The Ensign of Christ's Kingdom, January 7

Behold the Lamb of God, which taketh away the sin of the world. John 1:29.

To Daniel was given a vision of fierce beasts, representing the powers of the earth. But the ensign of the Messiah's kingdom is a lamb. While earthly kingdoms rule by the ascendancy of physical power, Christ is to banish every carnal weapon, every instrument of coercion. His kingdom was to be established to uplift and ennoble fallen humanity.

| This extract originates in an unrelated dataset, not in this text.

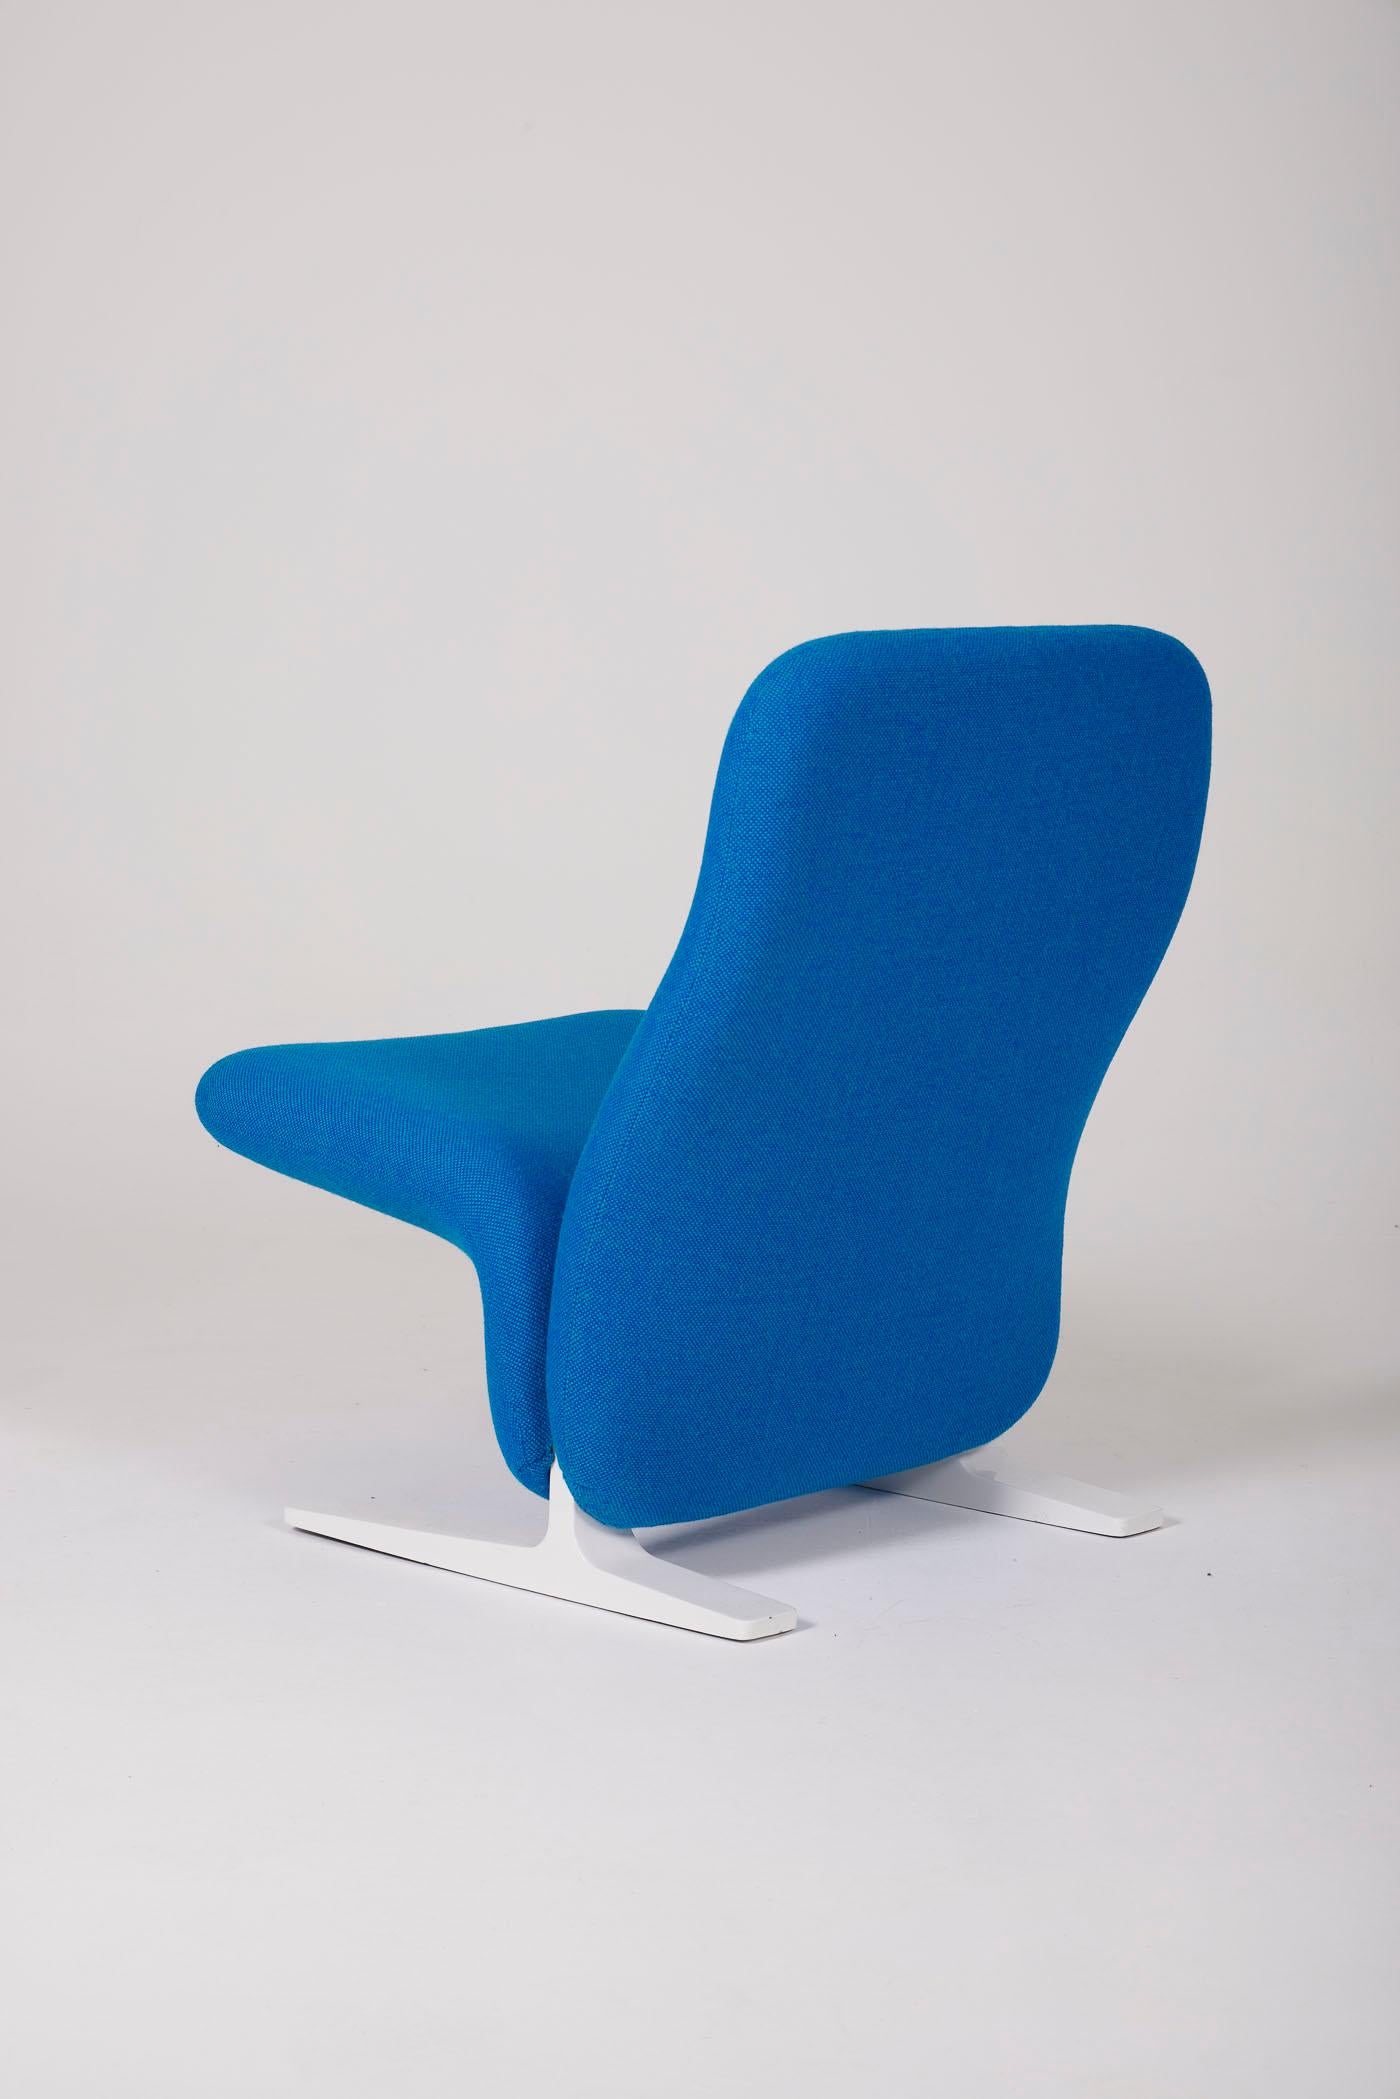 Textile Pierre Paulin F780 armchair For Sale

To Adam, the offering of the first sacrifice was a most painful ceremony. His hand must be raised to take life, which only God could give.... As he slew the innocent victim, he trembled at the thought that his sin must shed the blood of the spotless Lamb of God. This scene gave him a deeper and more vivid sense of the greatness of his transgression, which nothing but the death of God's dear Son could expiate. And he marveled at the infinite goodness that would give such a ransom to save the guilty.

The types and shadows of the sacrificial service, with the prophecies, gave the Israelites a veiled, indistinct view of the mercy and grace to be brought to the world by the revelation of Christ.... Only through Christ can man keep the moral law. By transgression of this law man brought sin into the world, and with sin came death. Christ became the propitiation for man's sin. He proffered His perfection of character in the place of man's sinfulness. He took upon Himself the curse of disobedience. The sacrifices and offerings pointed forward to the sacrifice He was to make. The slain lamb typified the Lamb that was to take away the sin of the world....

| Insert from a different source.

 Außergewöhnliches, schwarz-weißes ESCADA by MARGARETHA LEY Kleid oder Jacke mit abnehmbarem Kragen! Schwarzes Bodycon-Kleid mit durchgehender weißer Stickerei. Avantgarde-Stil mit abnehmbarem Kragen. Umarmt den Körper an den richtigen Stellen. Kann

The law and the gospel are in perfect harmony. Each upholds the other. In all its majesty the law confronts the conscience, causing the sinner to feel his need of Christ as the propitiation for sin. The gospel recognizes the power and immutability of the law. “I had not known sin, but by the law” (Romans 7:7), Paul declares. The sense of sin, urged home by the law, drives the sinner to the Saviour. In his need man may present the mighty arguments furnished by the cross of Calvary. He may claim the righteousness of Christ; for it is imparted to every repentant sinner.